В укреплении тоже быстро угомонились, не стало слышно громких, рявкающих команд унтеров, солдатских голосов, чьей-то одинокой, грустной песни. Погасли огни, свечи горели лишь в комендантском доме да на квартире у кого-то из офицеров, где, должно быть, снова пили. Ветер дул порывами, и, когда он затихал на несколько секунд, становилось слышно, как за барханами в степи воют волки; их завывания были похожи на стон человека.

Сераковский посмотрел вдаль и прислушался: в степи кто-то громко и протяжно стонал.

"Сегодня караульный начальник - Поташев", - мелькнуло в голове Зыгмунта. С минуты на минуту он может прийти проверять пост, вынырнет из черноты и гаркнет: "Часовой Сераковский, ко мне бегом ма-арш!" Зыгмунт напряг слух - не идет ли кто вдоль стены по тропинке? - ничего не услышал и - была не была! - бегом бросился в степь, в ту сторону, откуда доносились стоны.

Бежать, к счастью, пришлось недолго. Неподалеку в низине лежал ничком полуголый человек. Очевидно, он был избит или ранен, пытался добраться до ближайшей кибитки, но потерял силы и упал. Заметив приближающегося солдата с ружьем, казах попытался приподняться.

- Не бойся, я тебе друг... друг, - промолвил Зыгмунт.

Едва ли человек понял русскую речь, но тон, каким были сказаны эти слова, его успокоил, и он невнятно пробормотал что-то по-своему. "Казаки" было единственным словом, которое разобрал Сераковский.

Раненый дрожал от холода, из рассеченной головы сочилась кровь. Сераковский скинул с себя шинель, китель, рубаху, оторвал от нее широкую полосу снизу и, как мог, перевязал рану.

Башенные часы в укреплении ударили три четверти второго, вот-вот должна была прийти смена.

- Возьми... - Сераковский протянул свею рубаху и китель. - Шинель бы дал, да не могу... А теперь иди к своим, не то погибнешь от волков... или еще на один казачий разъезд наткнешься.

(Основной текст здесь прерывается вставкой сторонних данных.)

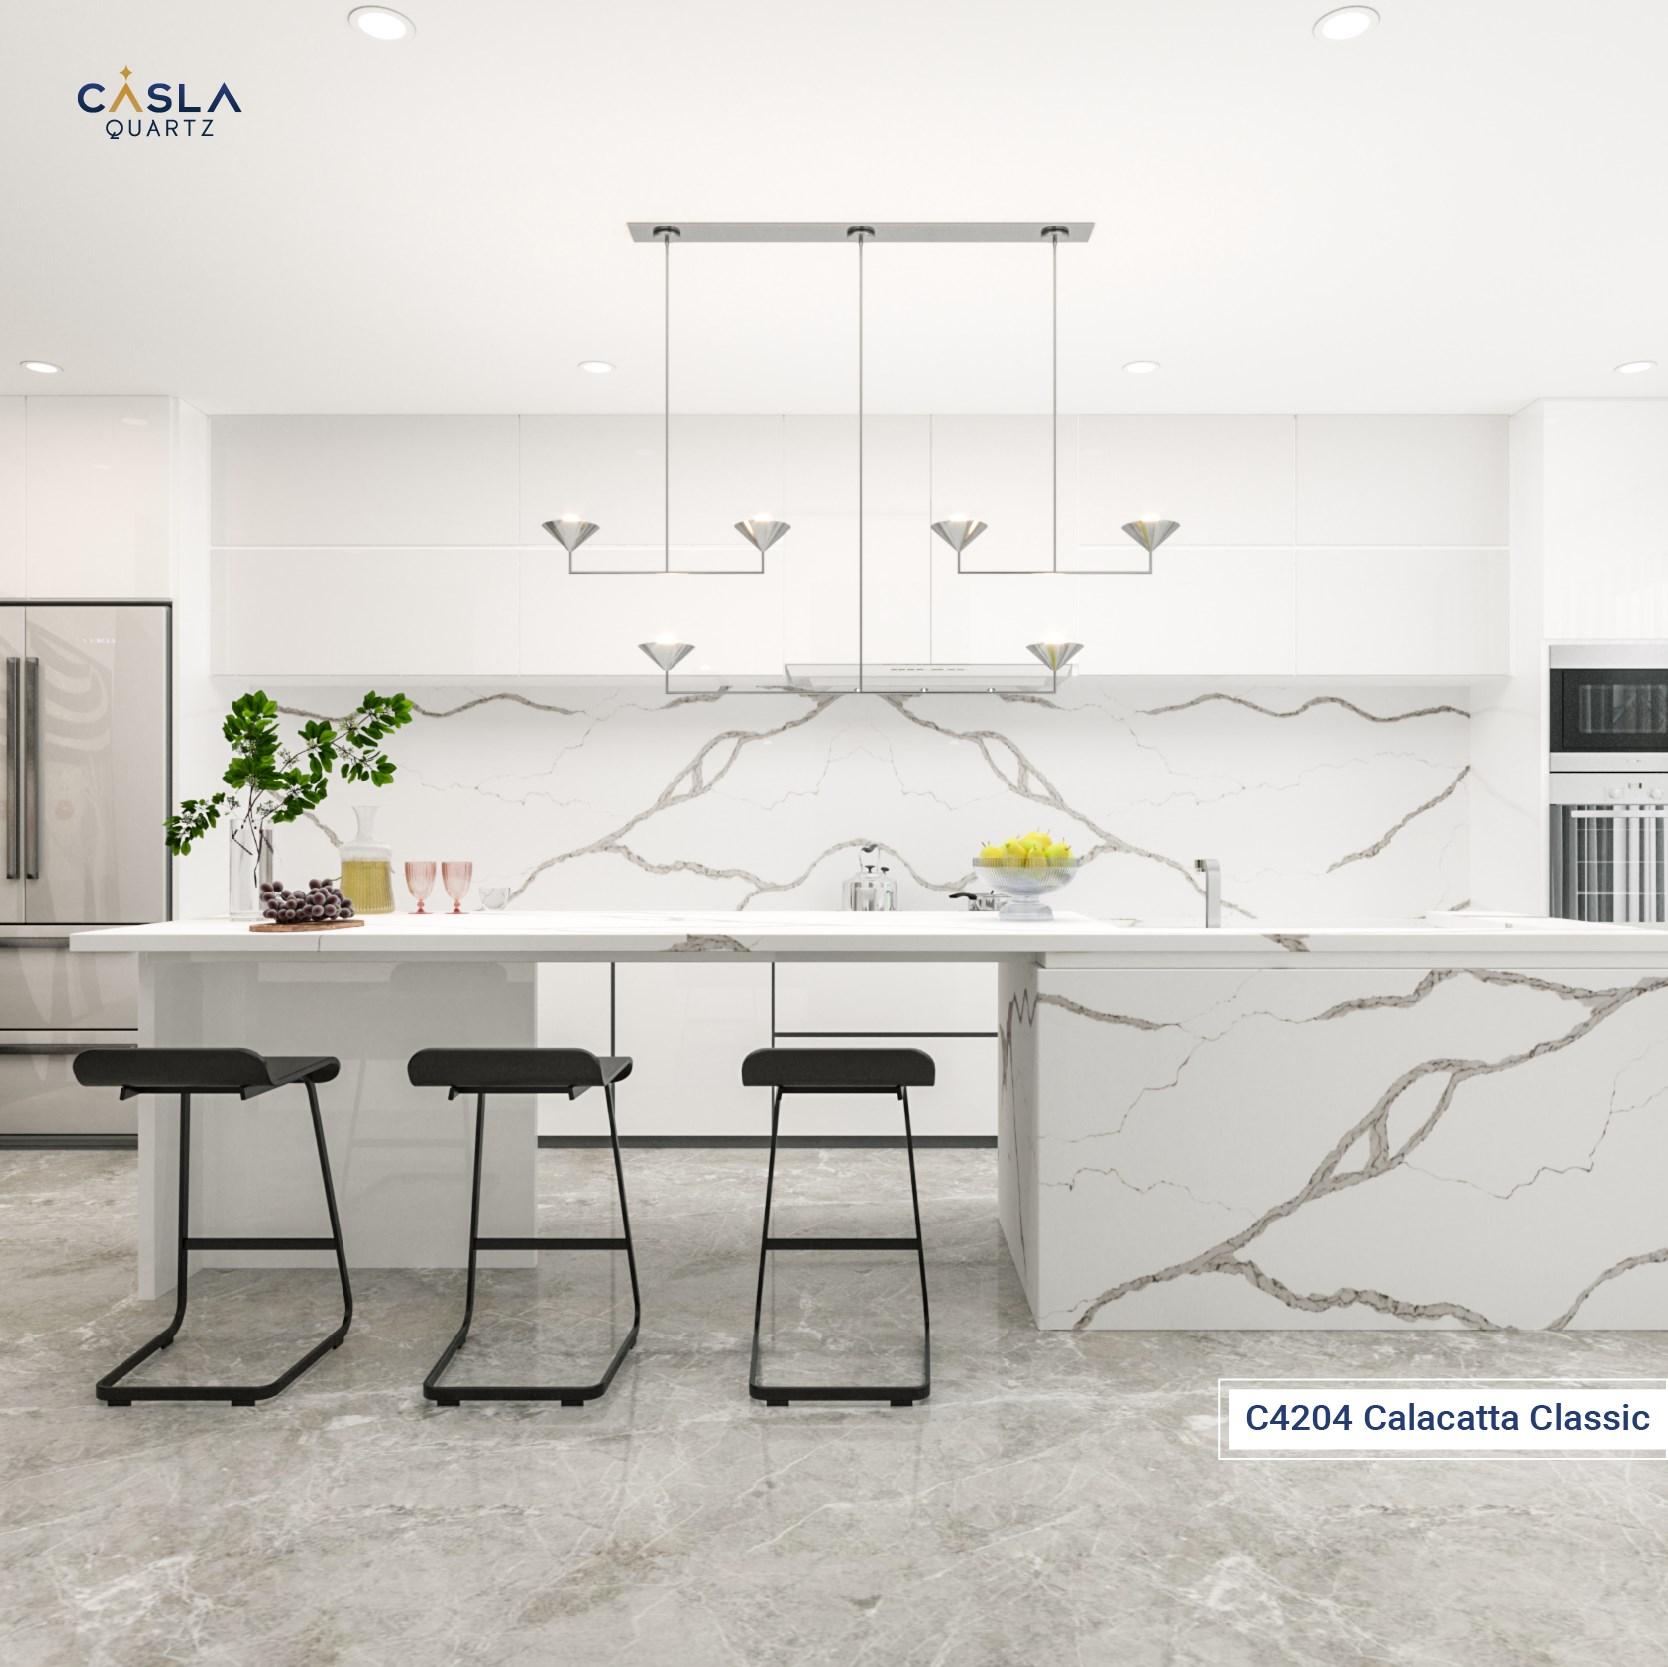 Bước đi chiến lược của Caslaquartz trong thị trường đá thạch anh nhân tạo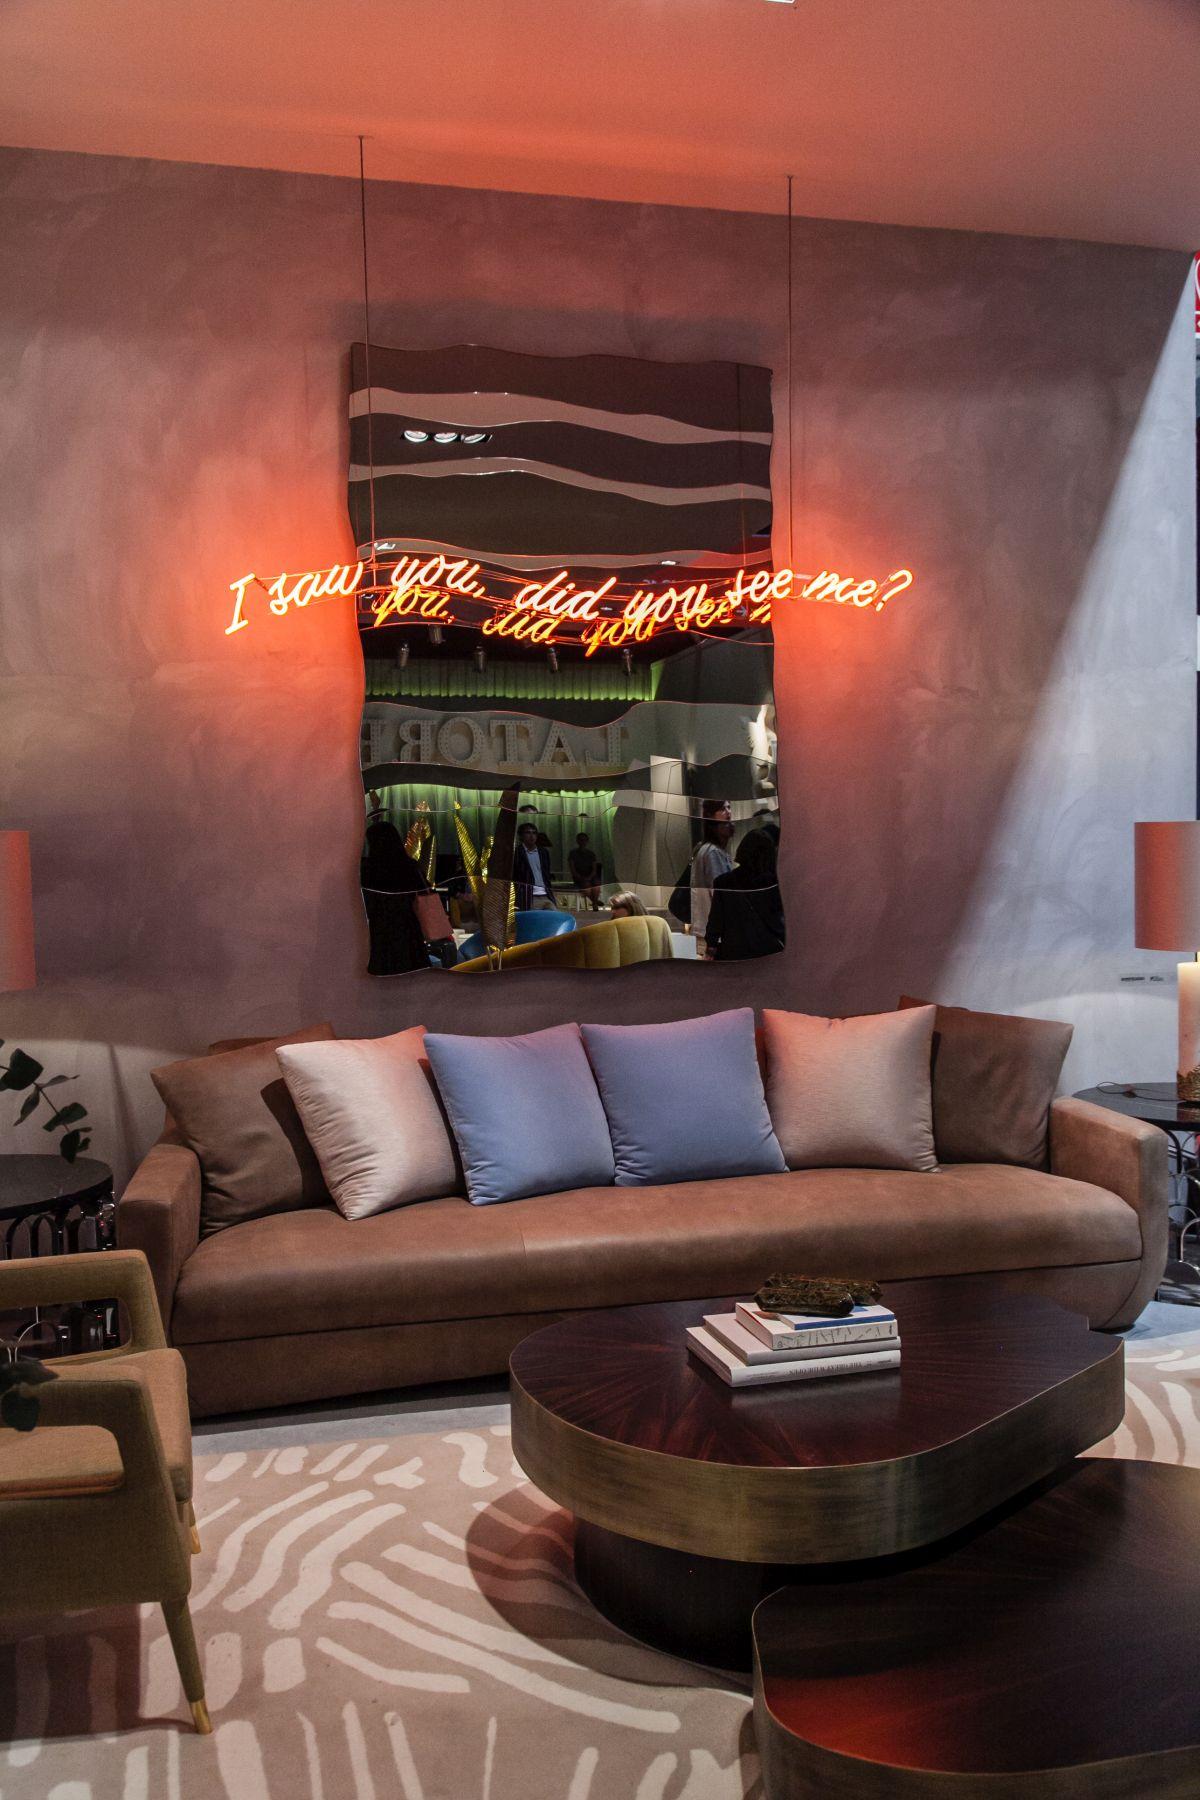 Living Room Led Light Home Decorating Trends Homedit

Казах, кажется, понял. Он благодарно дотронулся до руки Зыгмунта, поднялся и с трудом побрел вниз, к морю, где виднелись кибитки кочевников, а Сераковский, натягивая на ходу шинель, отправился на пост.

Послышались приближающиеся голоса - караульный начальник вел на смену новых часовых.

- Послушай, Погорелов, - сказал Сераковский, - я познакомился с человеком, который получает газету, кажется "Северную пчелу".

- Любопытно! И кто этот человек?

- Некто Зигмунтовский...

- А, спиртомер!

- Как, как ты его окрестил? - смеясь, спросил Сераковский.

- Спиртомер. Это прозвище ему дали солдаты. Сам он себя величает поверенным винной конторы и отставным чиновником двенадцатого класса. Забавный старик.

- Он поляк, ты знаешь?

- Знаю. Но что касается меня, то мне в первую очередь важна не национальность, а то, как он настроен - за кого и против кого. Так вот, у этого твоего поляка одна цель - нажива.

- И все равно у него есть газета, которую можно почитать. Больше в укреплении нет ни у кого.

Они смогли пойти туда только под вечер, когда закончилось очередное занятие "словесностью" и оставалось два часа до ужина и вечерней молитвы. Сегодня ефрейтор опять повторял солдатам имена и титулы высочайших особ царствующего дома - от государя императора Николая Павловича до четырехлетнего принца Александра Ольденбургского, в день своего рождения зачисленного прапорщиком в лейб-гвардии Преображенский полк. "Сколько же лет мне надо нести солдатскую лямку, чтоб дослужиться хотя бы до подпрапорщика?" - с горечью подумал Сераковский. Солдаты снова заученно твердили скороговоркой "немного любить царя". В "Солдатской книжке" была ошибка, но начальство не допускало и мысли, что в ней можно что-то исправить.

По дороге в слободку Сераковский вслух вспомнил об этом.

Погорелов рассмеялся:

- Можно подумать, что тебе хочется, чтобы солдаты много любили царя! Пусть любят немного. Чем меньше, тем лучше.